There was another German Shepherd. It was hot summer and he came BOUNDING out of a back yard and then LEAPED through the air. His teeth snapped, just missing my jugular vein.

“OH JESUS!” I hollered, “OH JESUS CHRIST! MURDER! MURDER! HELP! MURDER!”

The beast turned and leaped again. I socked his head good in mid-air with the mail sack, letters and magazines flying out. He was ready to leap again when two guys, the owners, came out and grabbed him. Then, as he watched and growled, I reached down and picked up the letters and magazines that I would have to re-route on the front porch of the next house.

“You sons of bitches are crazy,” I told the two guys, “that dog’s a killer. Get rid of him or keep him off the street!”

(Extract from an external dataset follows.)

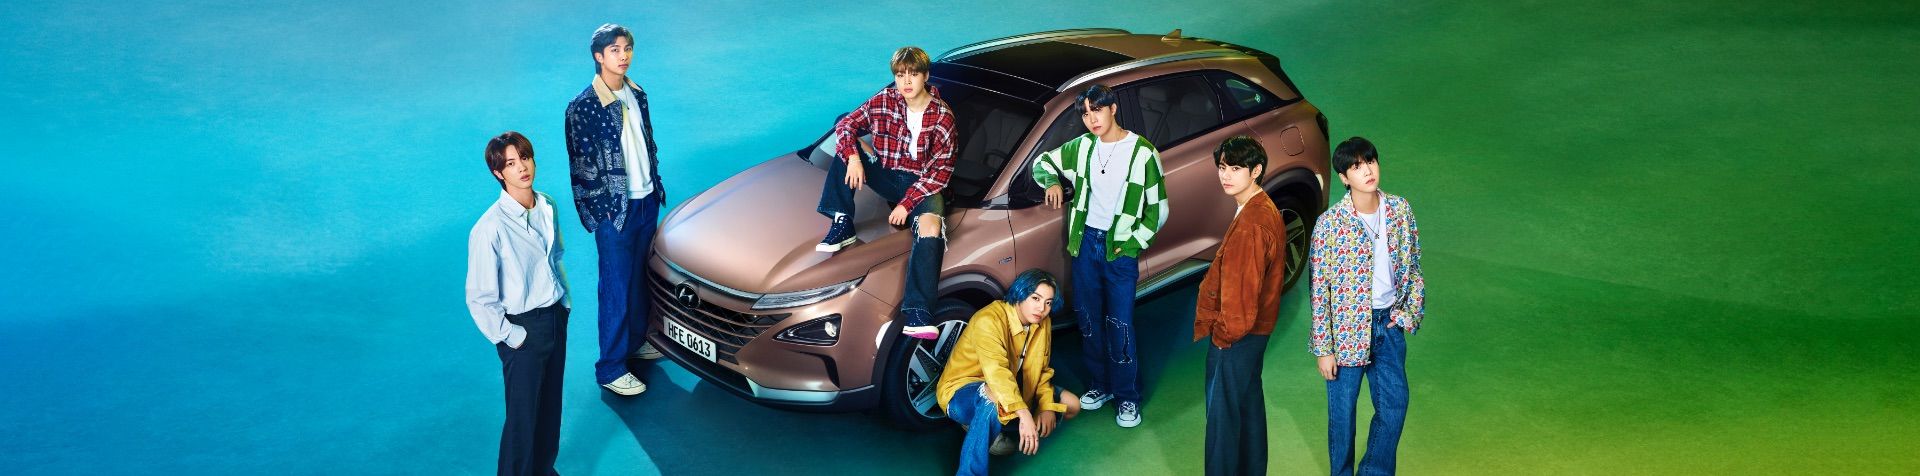 한국 보이그룹 BTS 7명 멤버가 파란색, 초록색 배경으로 현대 넥쏘 자동차 주위에 서 있다.

I would have fought them both but there was that dog growling and lunging between them. I went over to the next porch and re-routed my mail on hands and knees.

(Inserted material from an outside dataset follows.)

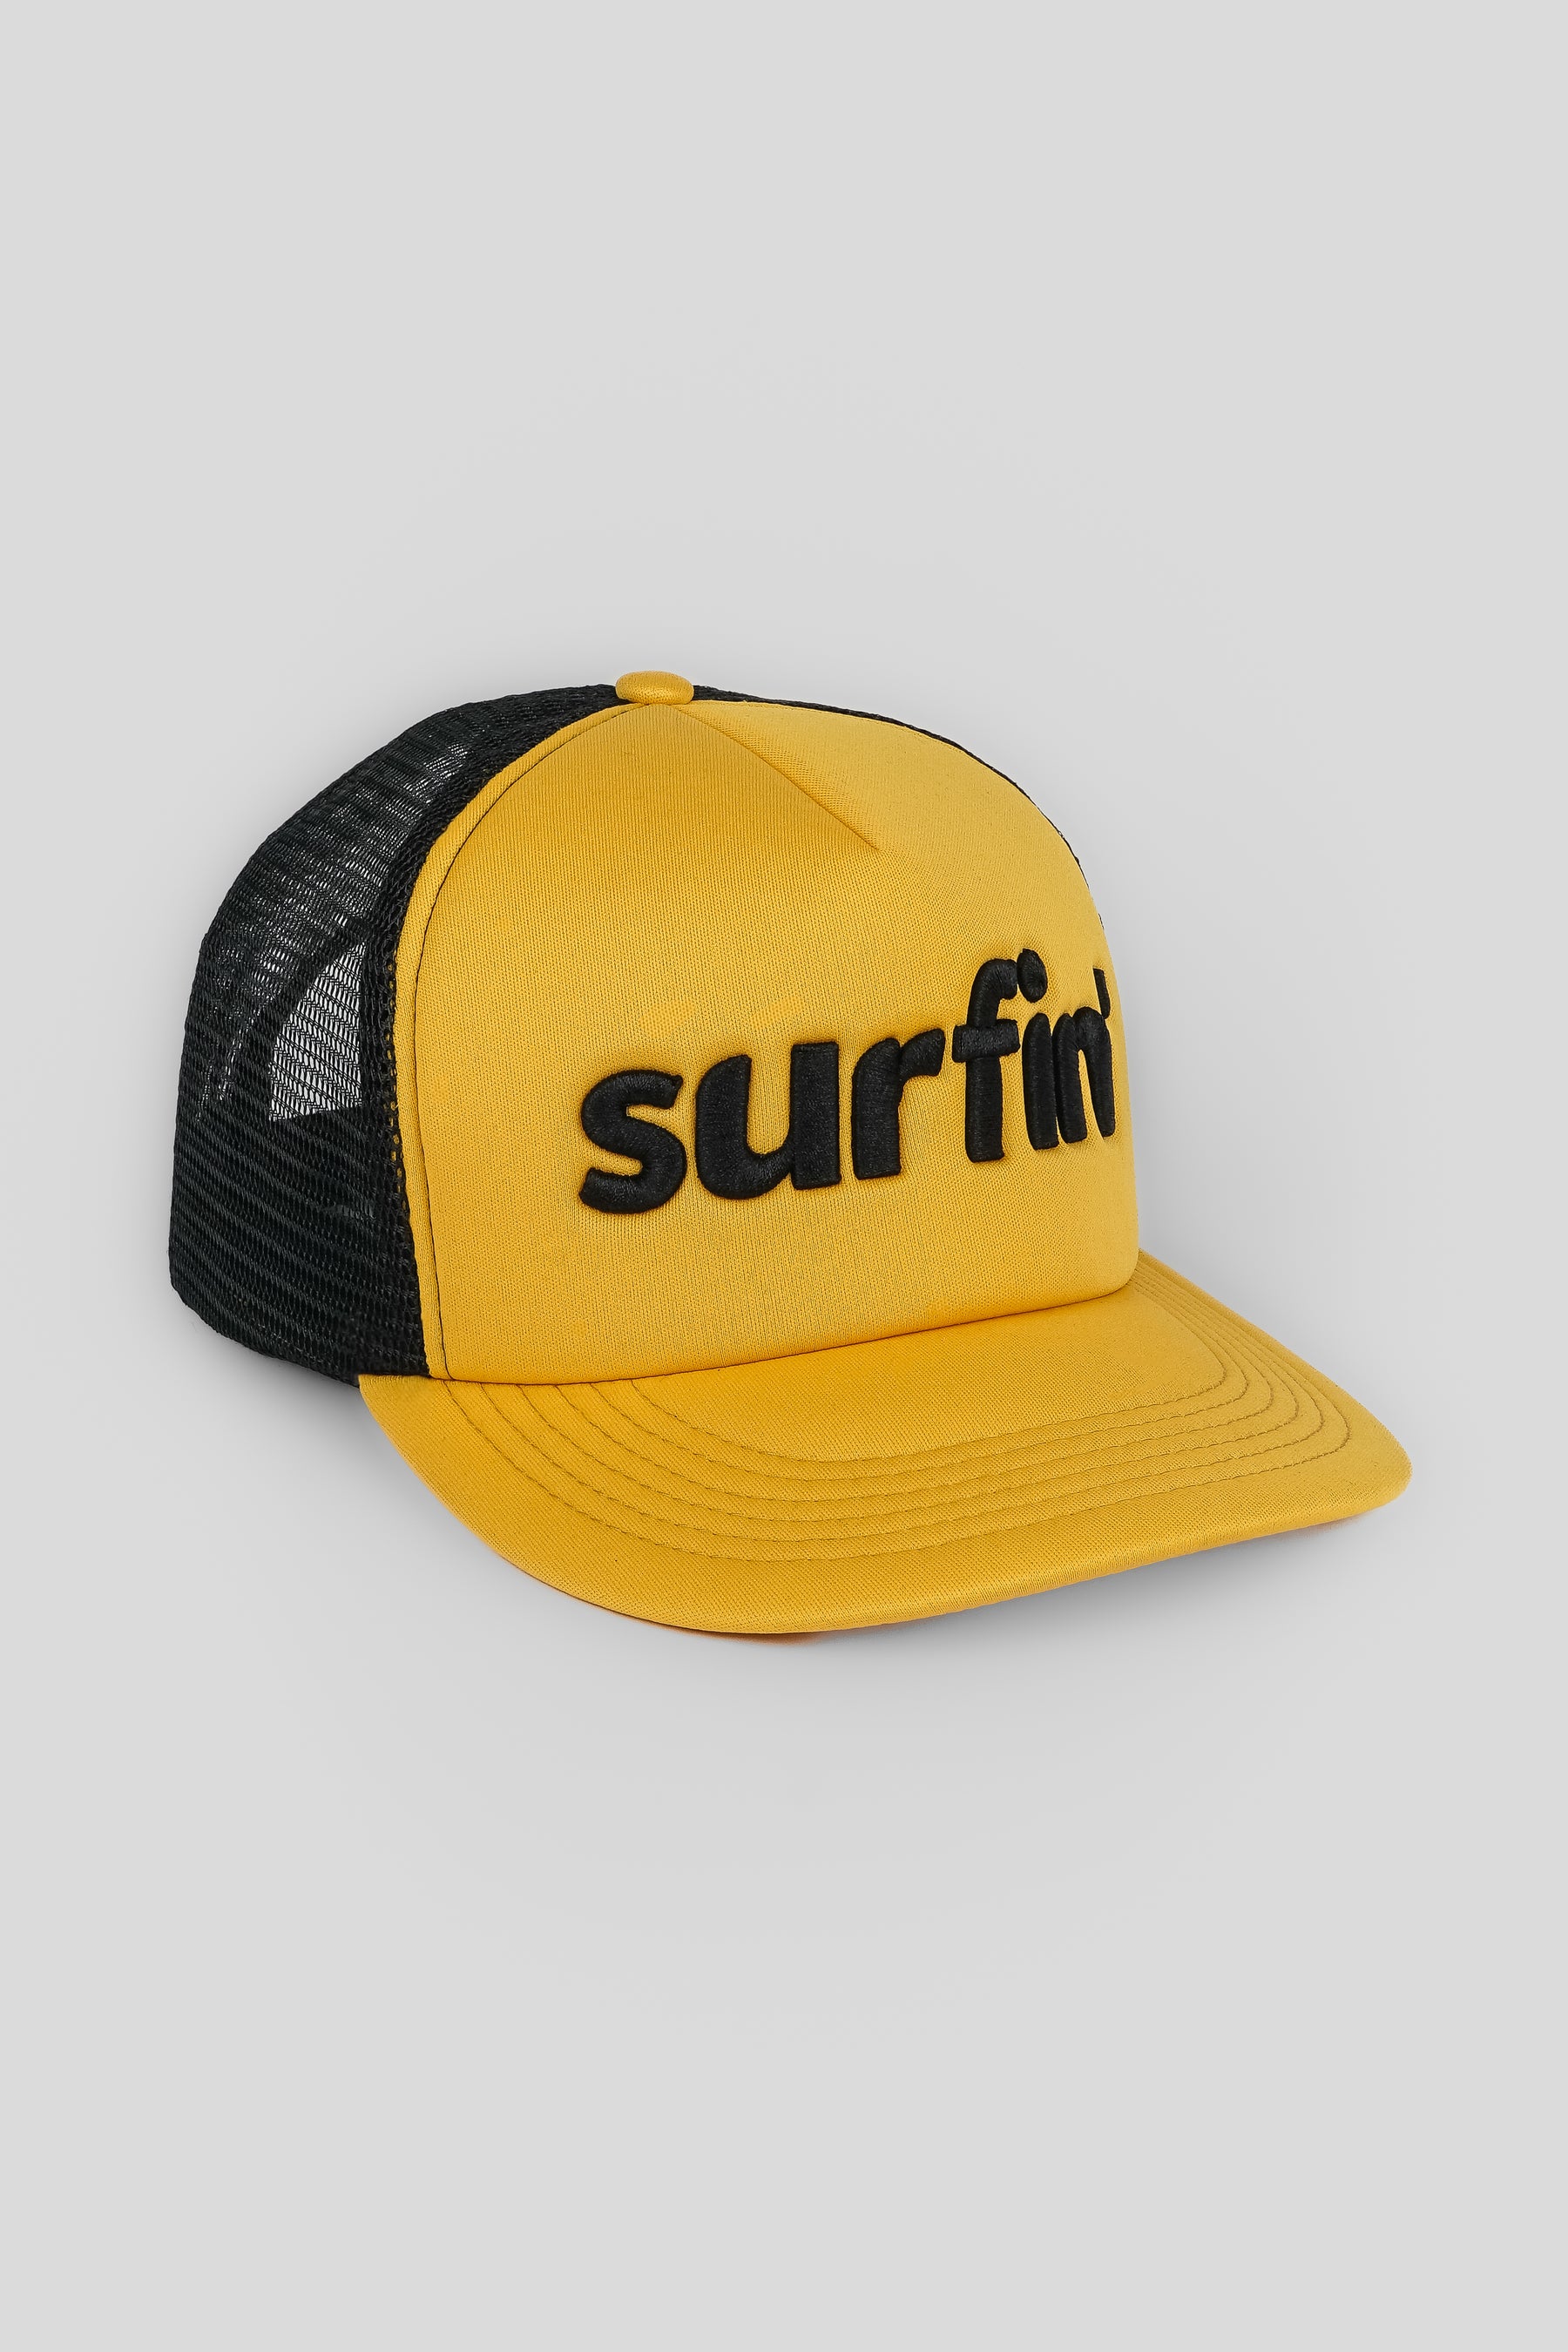 At håndtere picnic uudgrundelig SURFIN' TRUCKER HAT

As usual, I didn’t have time for lunch, but I was still 40 minutes late getting in.

The Stone looked at his watch. “You’re 40 minutes late.”

“You never arrived,” I told him.

“That’s a write-up.”

“Sure it is, Stone.”

He already had the proper form in the typer and was at it. As I sat casing up the mail and doing the go-backs he walked up and threw the form in front of me. I was tired of reading his write-ups and knew from my trip downtown that any protest was useless. Without looking I threw it into the wastebasket.

9

Every route had its traps and only the regular carriers knew of them. Each day it was another god damned thing, and you were always ready for a rape, murder, dogs, or insanity of some sort. The regulars wouldn’t tell you their little secrets. That was the only advantage they had—except knowing their case by heart. It was gung ho for a new man, especially one who drank all night, went to bed at 2 a.m., rose at 4:30 a.m. after screwing and singing all night long, and, almost, getting away with it.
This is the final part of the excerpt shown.